• _Brief_
Leave the pictures out and write out the rest of the listing word for word.

• _Data extract_
· · · · ·
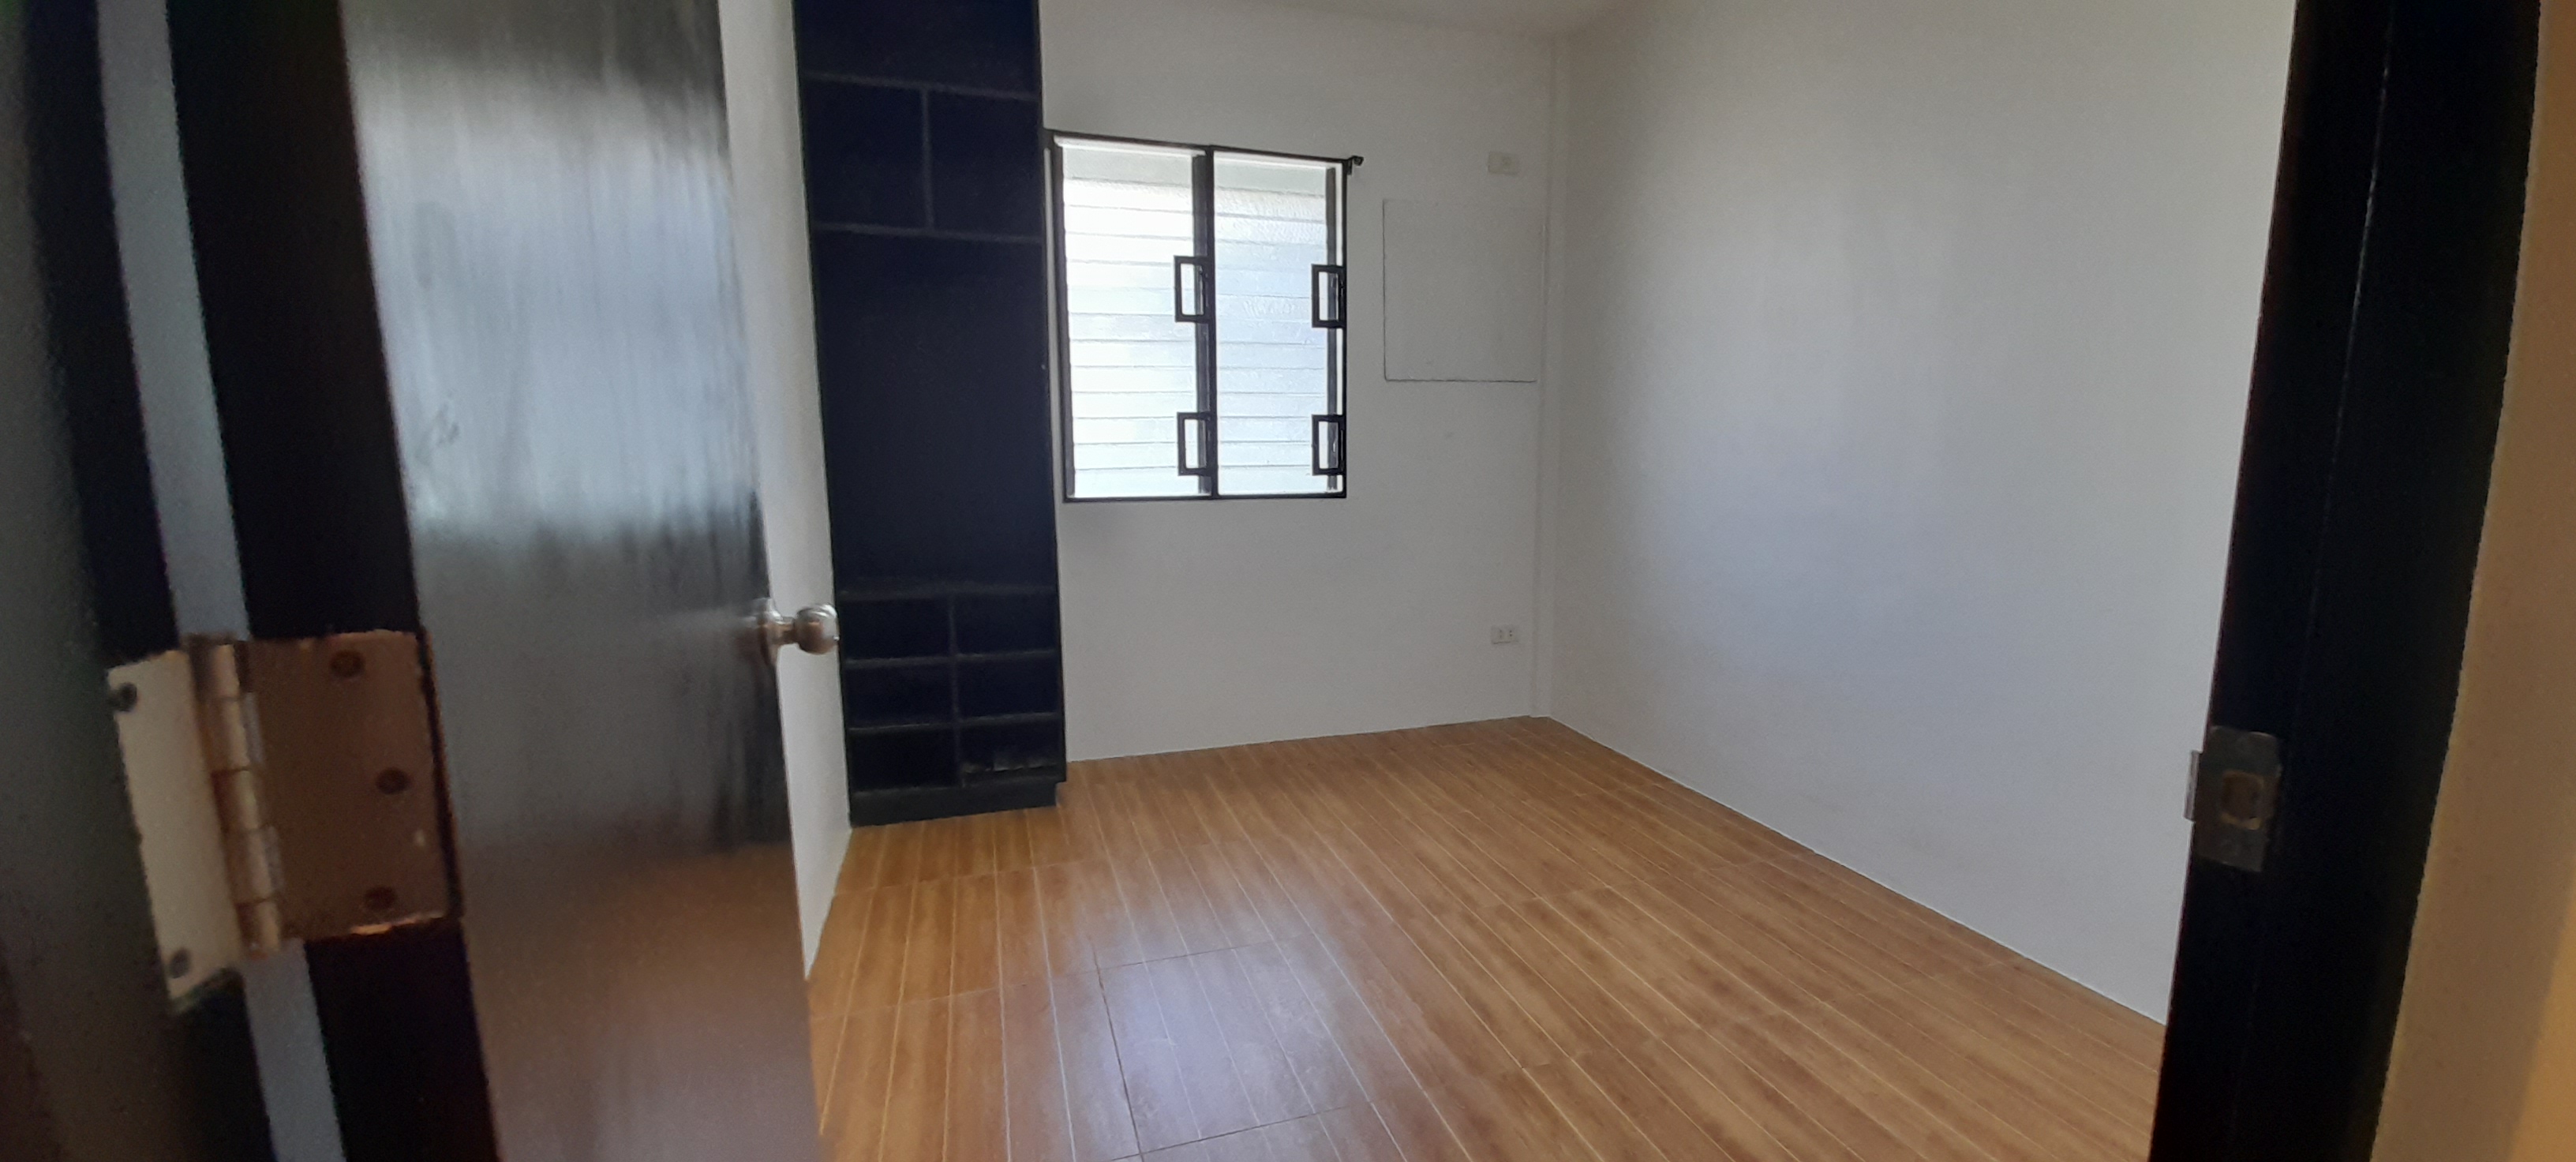 4-bedroom-apartment-in-escario-kamputhaw-cebu-city-at-25k-and-30k
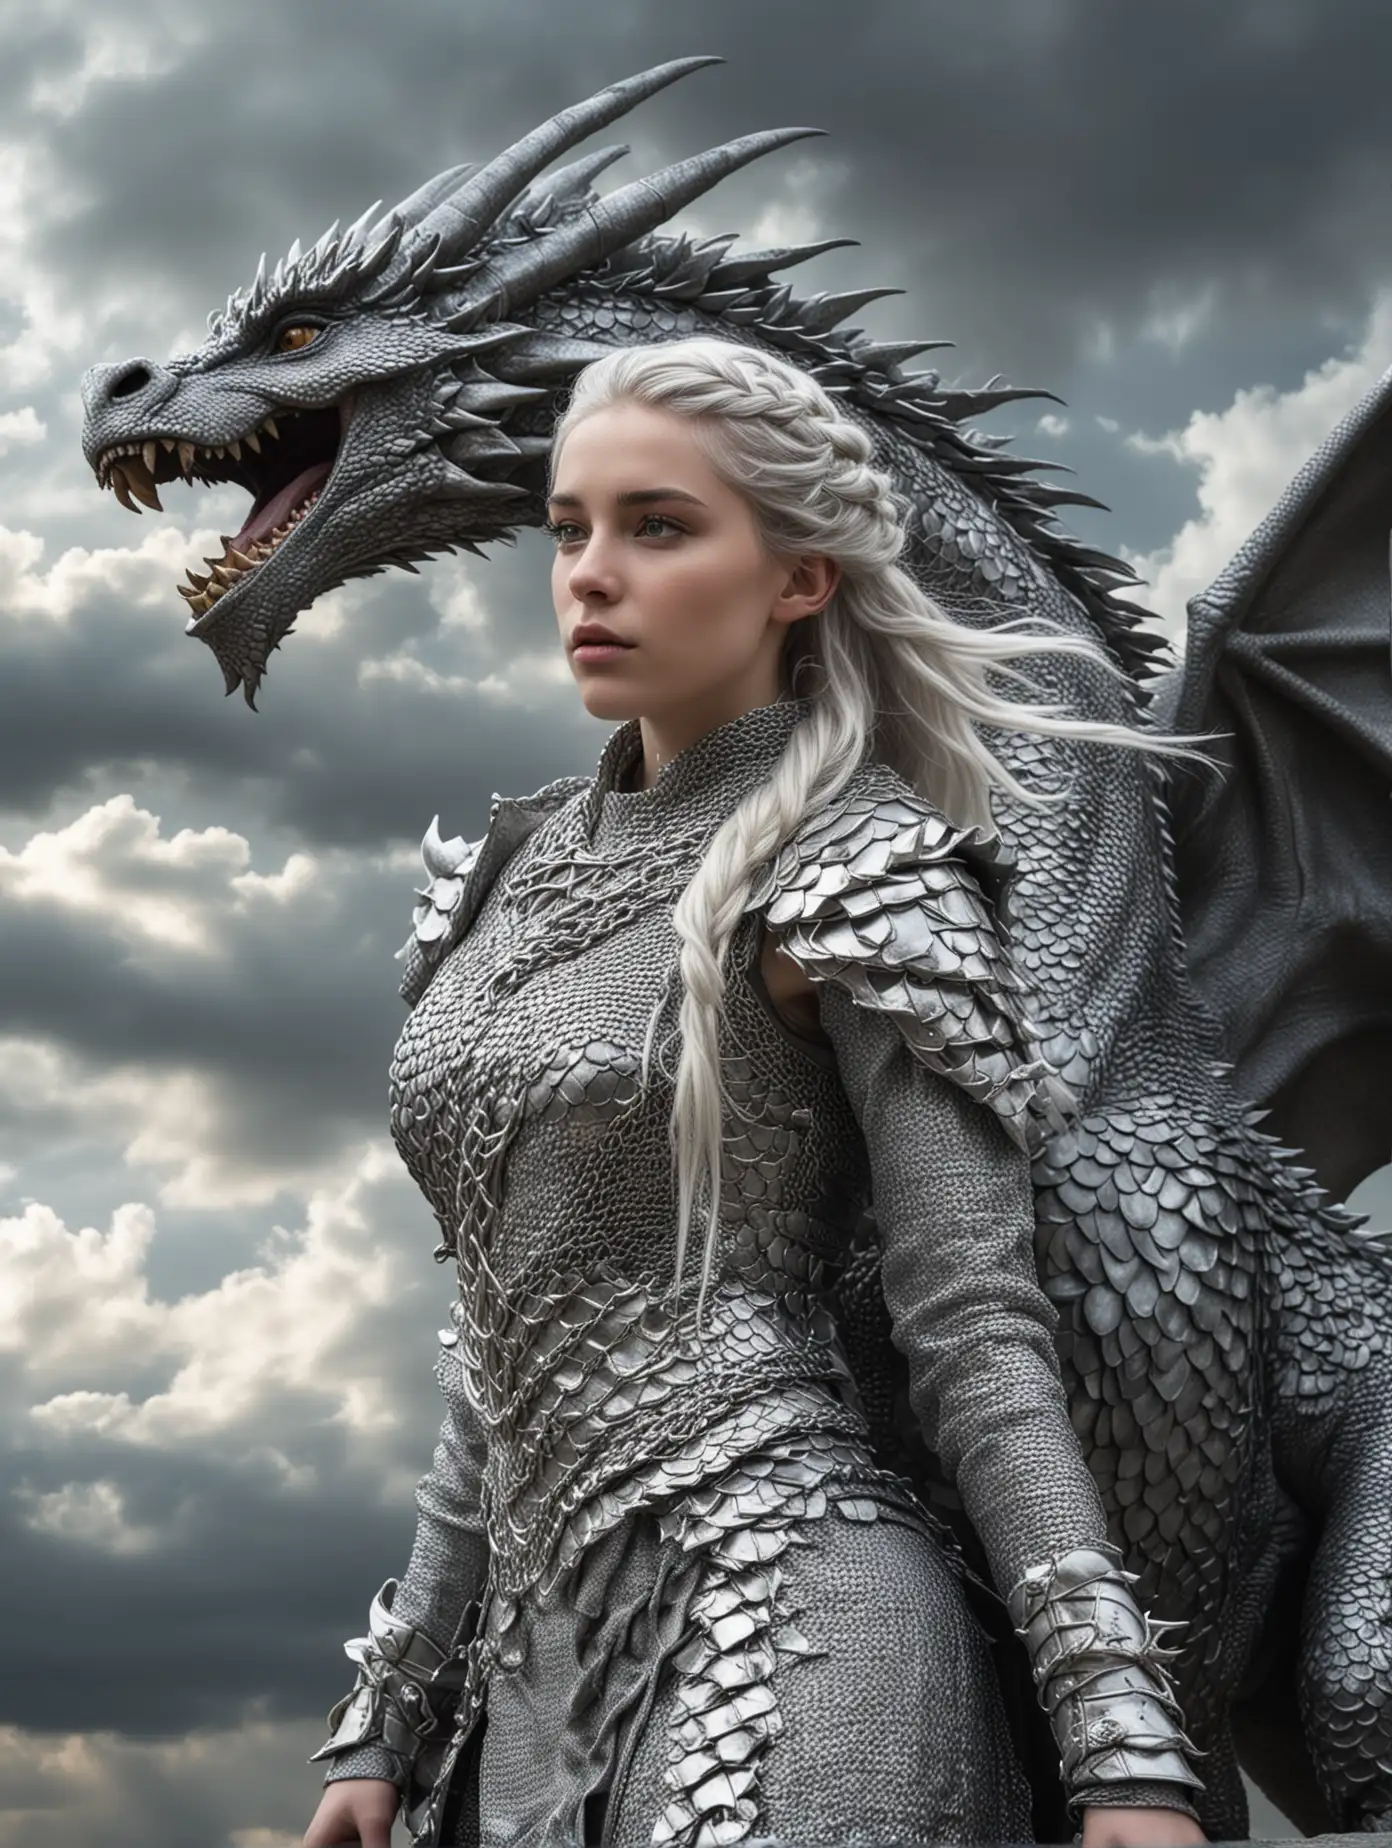 Fantasy Woman Riding Silver Dragon in Medieval Sky
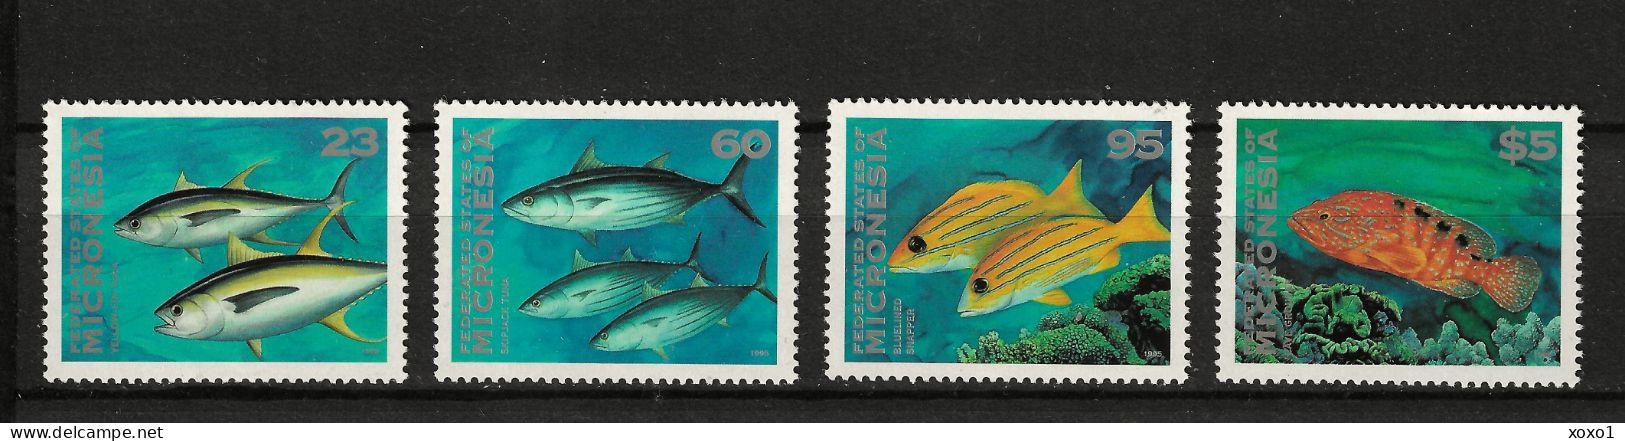 Micronesia 1995 MiNr. 427 - 430 Mikronesien Marine Life Fishes 4v MNH** 16.00 € - Micronésie
· · · · ·
• _Result below_
 4-bedroom-apartment-in-escario-kamputhaw-cebu-city-at-25k-and-30k
 Fantasy Woman Riding Silver Dragon in Medieval Sky
 Micronesia 1995 MiNr. 427 - 430 Mikronesien Marine Life Fishes 4v MNH** 16.00 € - Micronésie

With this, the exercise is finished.